To implement functional safety, machine designers need to perform a risk assessment. This involves determining the probability of harm (the frequency and/or degree of exposure) and the potential severity of harm (slight or serious) if an incident should occur. These assessments, combined with an analysis of the technical and human possibilities for avoiding possible harm, provide a basis for specifying safety requirements.
These requirements are generally categorized either by the Safety Integrity Level (SIL) system under IEC 61508 or the Performance Level (PL) system under ISO 13849. Machine engineers or their consultants determine the appropriate SIL or PL level required to reduce risk to acceptable levels for each safety function.
Machine builders that are new to this process sometimes default to the highest safety levels (SIL3 or PLe), but for most industrial machines this leads to unnecessary complexity and expense. That’s why an accurate risk assessment is important.
Once SILs or PLs have been identified for each safety function, these functions can be designed and validated to achieve their intended performance characteristics. In the EU, the complete system must be certified by an appropriate notified body, such as TÜV. Finally, functional safety audits should be conducted to ensure that appropriate safety lifecycle management techniques are applied consistently and thoroughly at each relevant stage throughout the product lifecycle.
SafeMotion Simplifies Functional Safety
Implementing functional safety doesn’t need to be overcomplicated. Kollmorgen’s next-generation AKD2G drives offer a full set of 100 percent drive-resident SafeStop, SafeSpeed and SafePosition options—16 functional safety features in all. With drive-resident functional safety, there’s no need for external solutions that depend on complex integration between the controller, safe PLC and drive.

To provide just two examples, the SLS–Safe Limited Speed function can be used to clean a food packaging machine more efficiently and thoroughly, without stopping the machine. The SDI–Safe Direction function can increase metal forming throughput by preventing dangerous movements when an operator breaks the light curtain, rather than forcing a shutdown of the press brake.

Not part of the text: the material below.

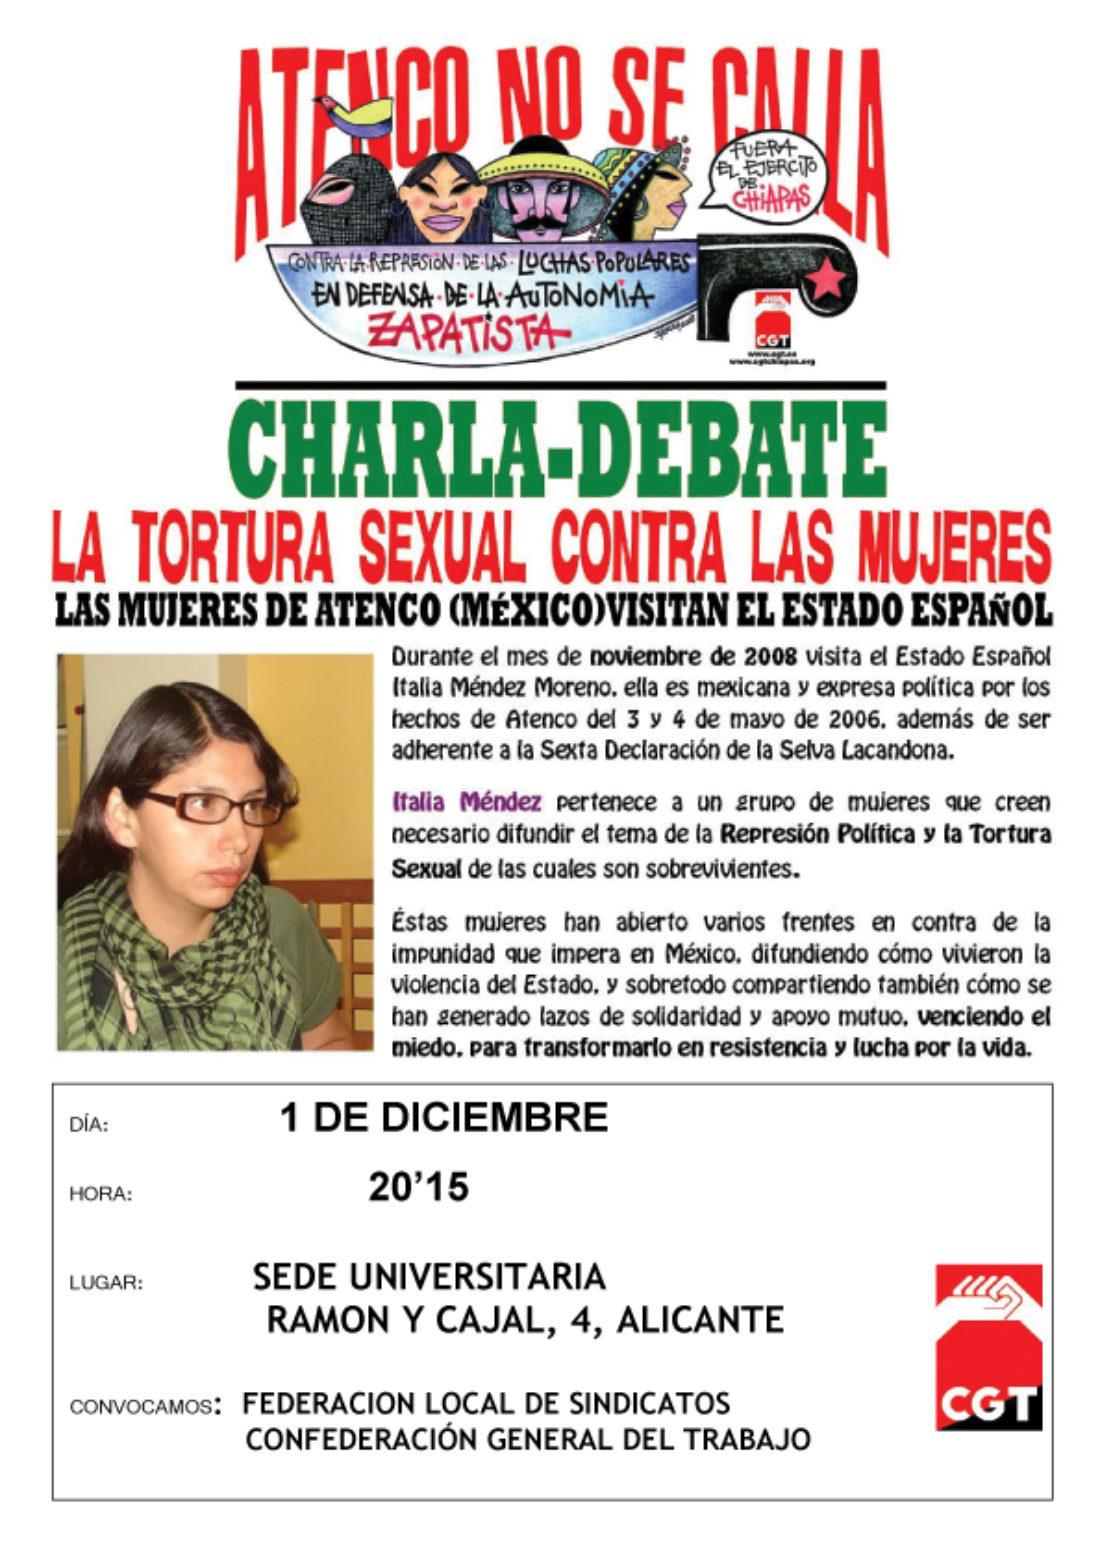 1 de diciembre, 20:15 h., en la SEU (C/ Ramón y Cajal, 4. Alicante): charla de Italia Méndez, de Atenco (México)

Watch our on-demand web session to learn about 10 commonly used SafeMotion functions.
In addition to simplifying machine design, drive-resident SafeMotion functions can also simplify safety testing. For example, in a machine that achieves a SIL2 or higher rating in part by using a brake motor to hold a vertical load, there needs to be a method for testing the electromechanical braking system to ensure that it prevents the load from falling when the machine is unenergized. The SafeMotion SBT–Safe Brake Test function incorporates this testing capability, so you don’t have to engineer an external process—including circuitry, components, error notification method and more—in order to perform the testing externally. Everything is already done for you, on the drive.
SafeMotion helps you achieve the component-level capabilities and ratings you need to achieve the SIL or PL level you have arrived at through your risk assessment process and that you are engineering into your machine. And, as always, you can rely on Kollmorgen co-engineering expertise to help meet all your motion performance goals, from your functional safety specifications to product quality and throughput, machine uptime, and more.